:: WHAT IS EXPECTED ::
Skip the pictures. Transcribe the rest of the data below without changing a word.

:: DATASET EXTRACT ::
========
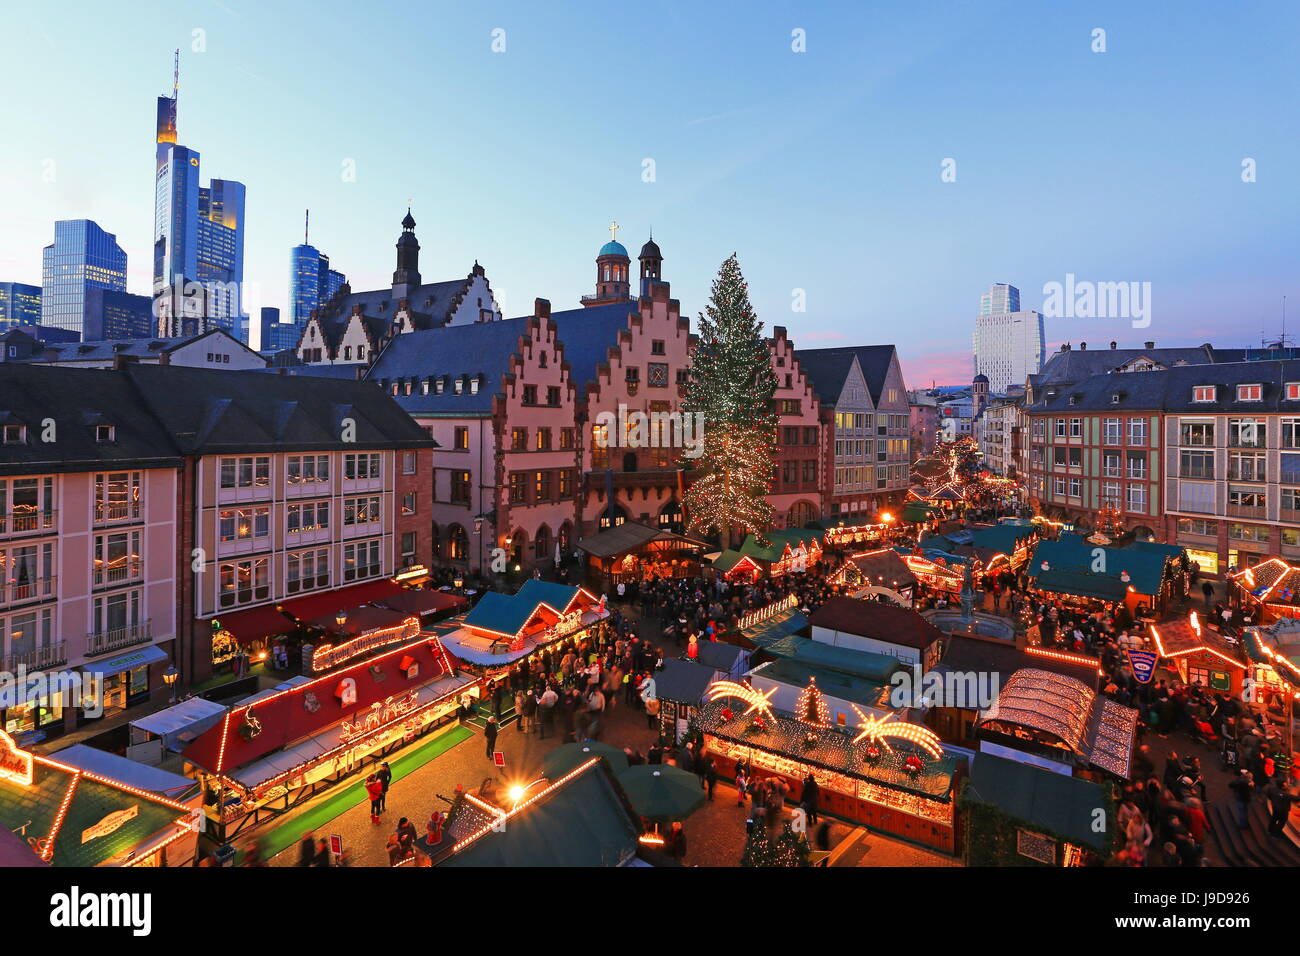 Weihnachtsmarkt am Roemerberg-Platz, Frankfurt Am Main, Hessen, Deutschland, Europa Stockfoto
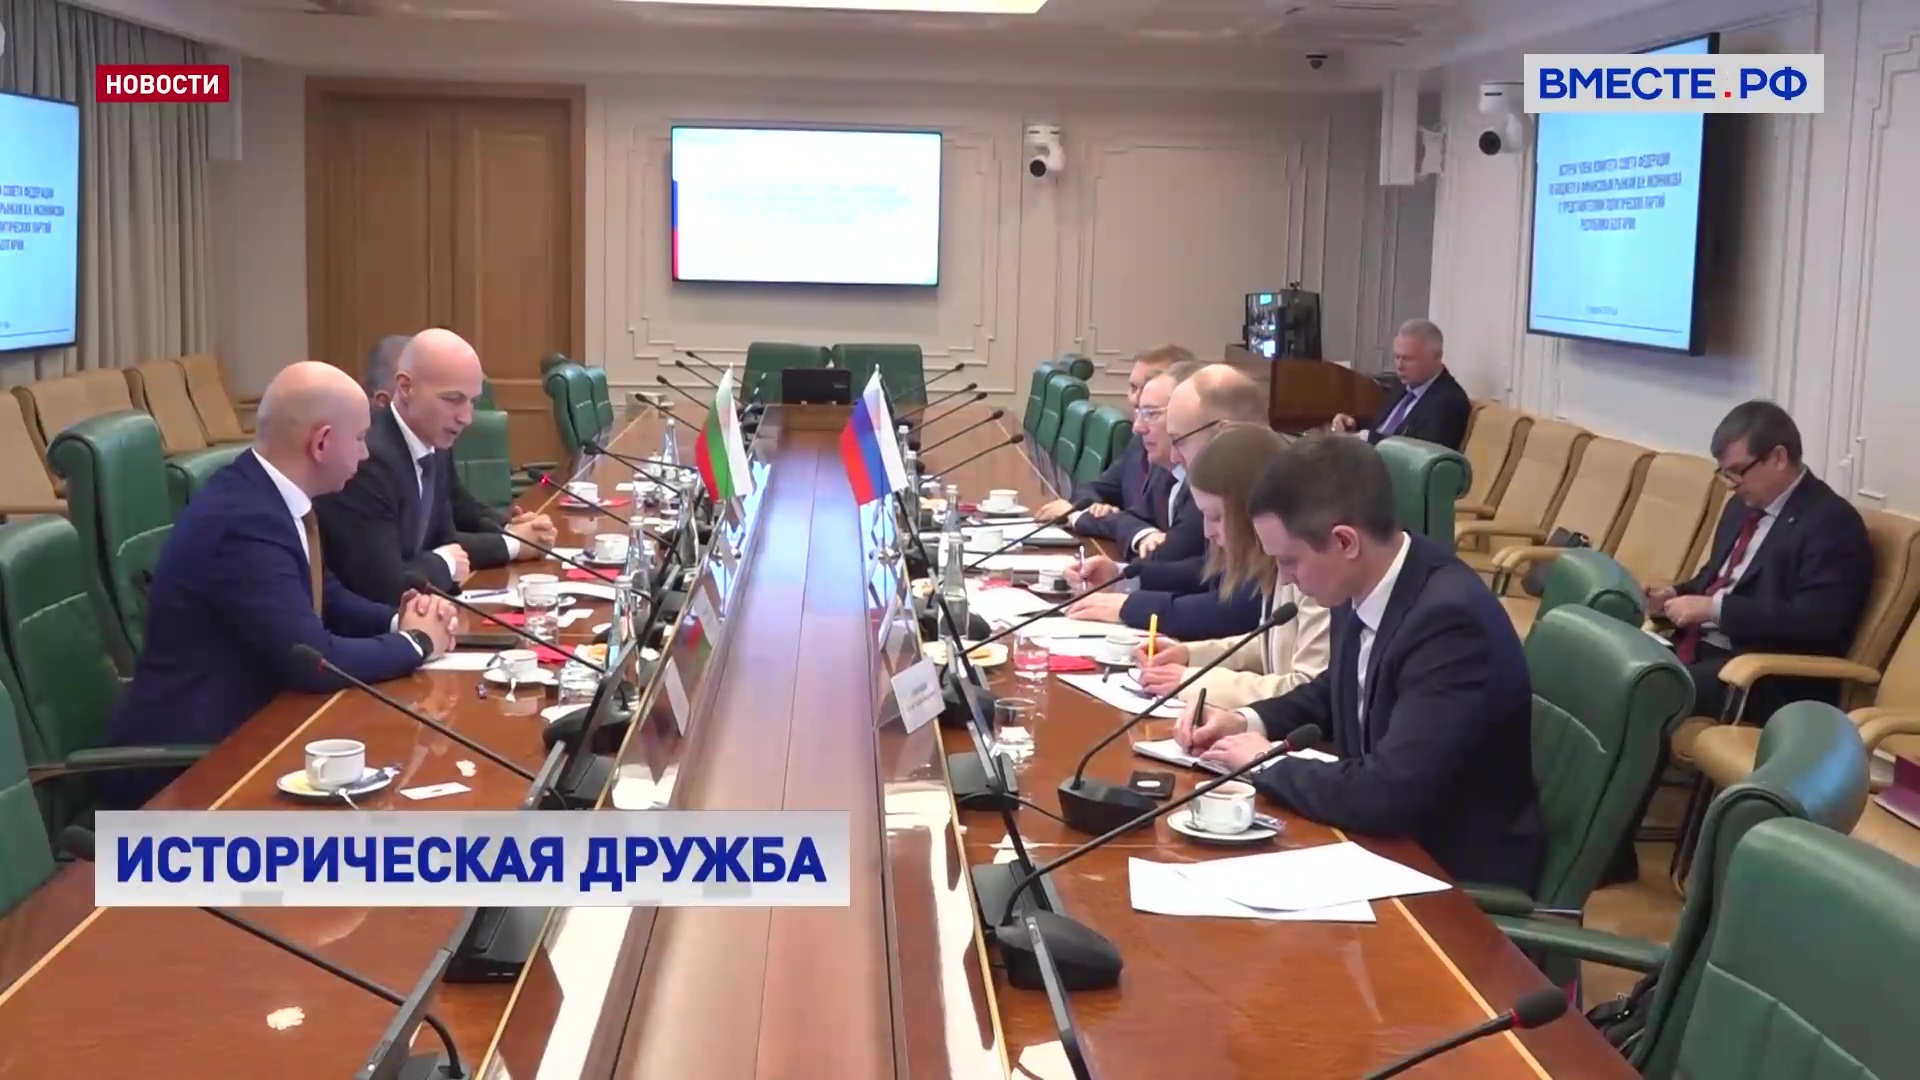 РФ будет стремиться к диалогу с конструктивными силами в Болгарии, заявляют в СФ
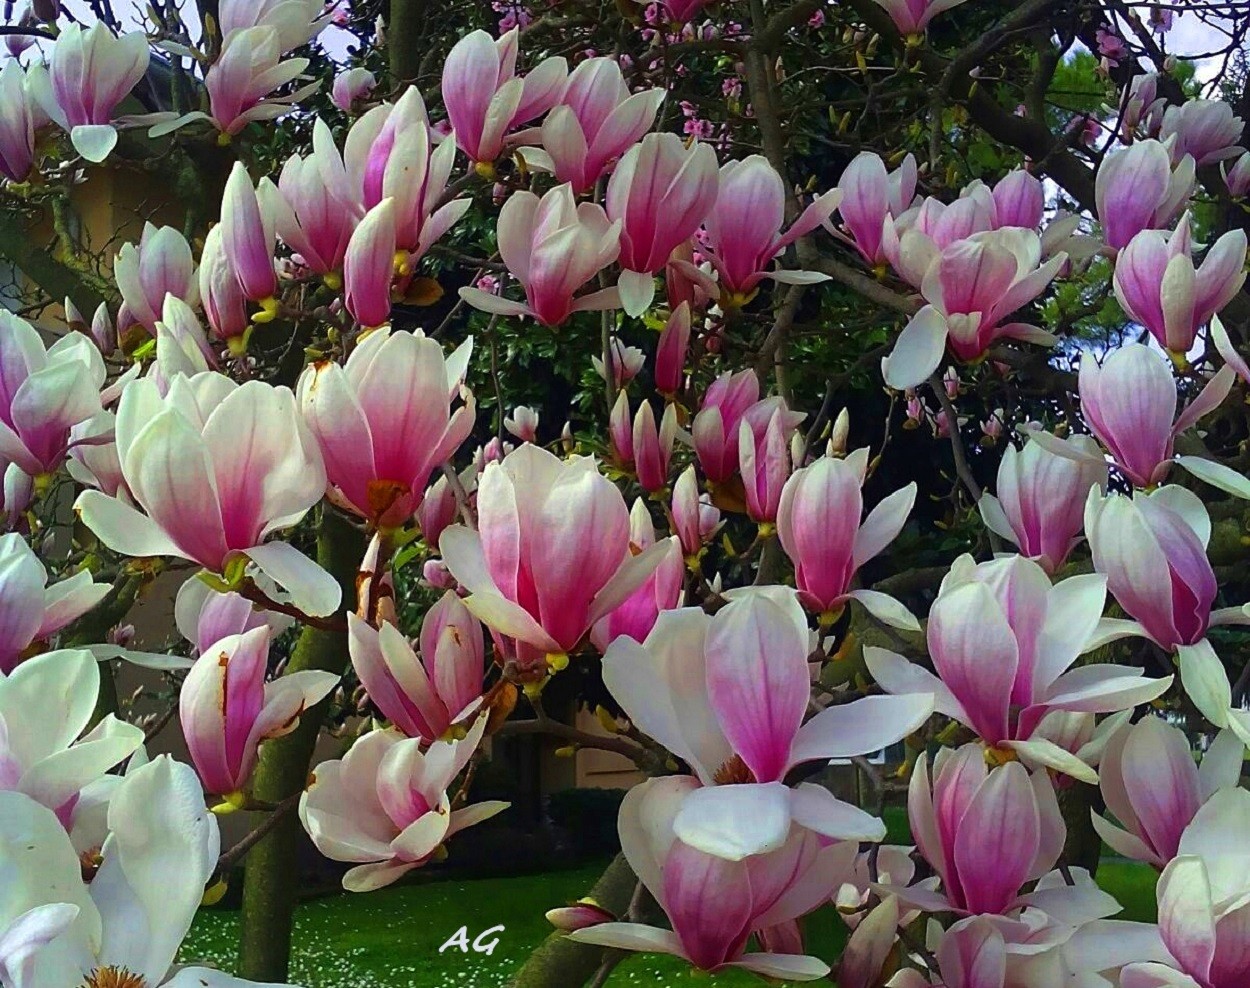 "Magnolias en flor" de Ana Giorno
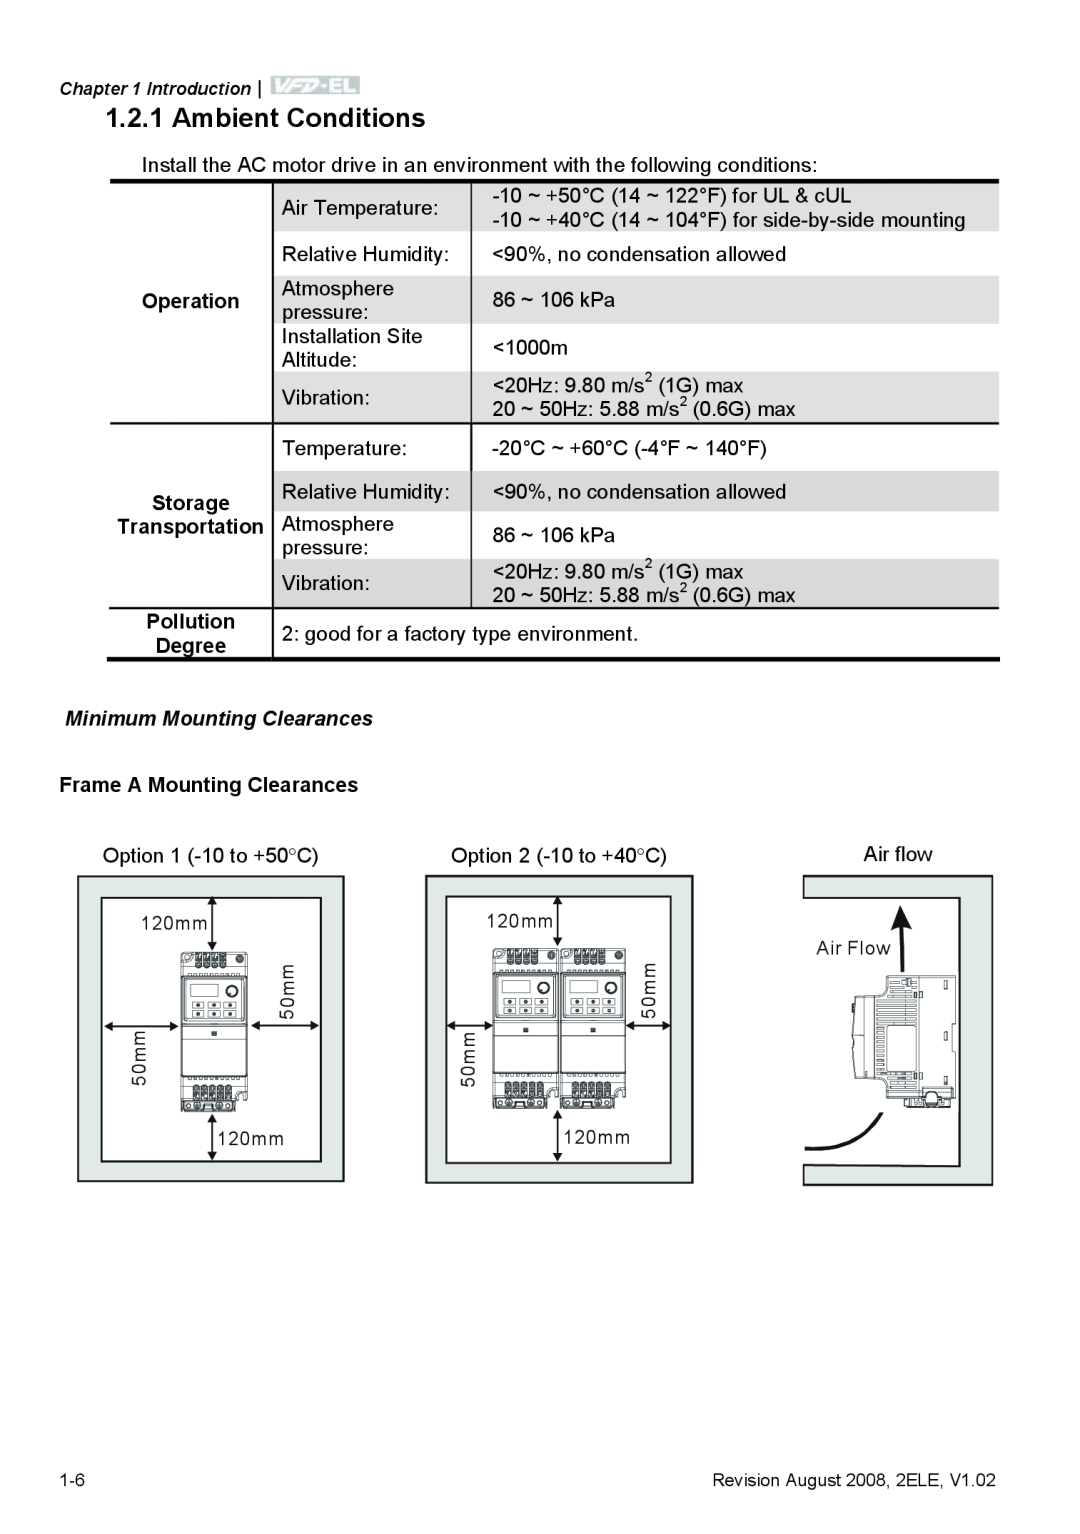 Delta Electronics VFD-EL manual Ambient Conditions, Minimum Mounting Clearances
========
:: TASK SOLUTION ::
 Weihnachtsmarkt am Roemerberg-Platz, Frankfurt Am Main, Hessen, Deutschland, Europa Stockfoto
 РФ будет стремиться к диалогу с конструктивными силами в Болгарии, заявляют в СФ
 "Magnolias en flor" de Ana Giorno
 Delta Electronics VFD-EL manual Ambient Conditions, Minimum Mounting Clearances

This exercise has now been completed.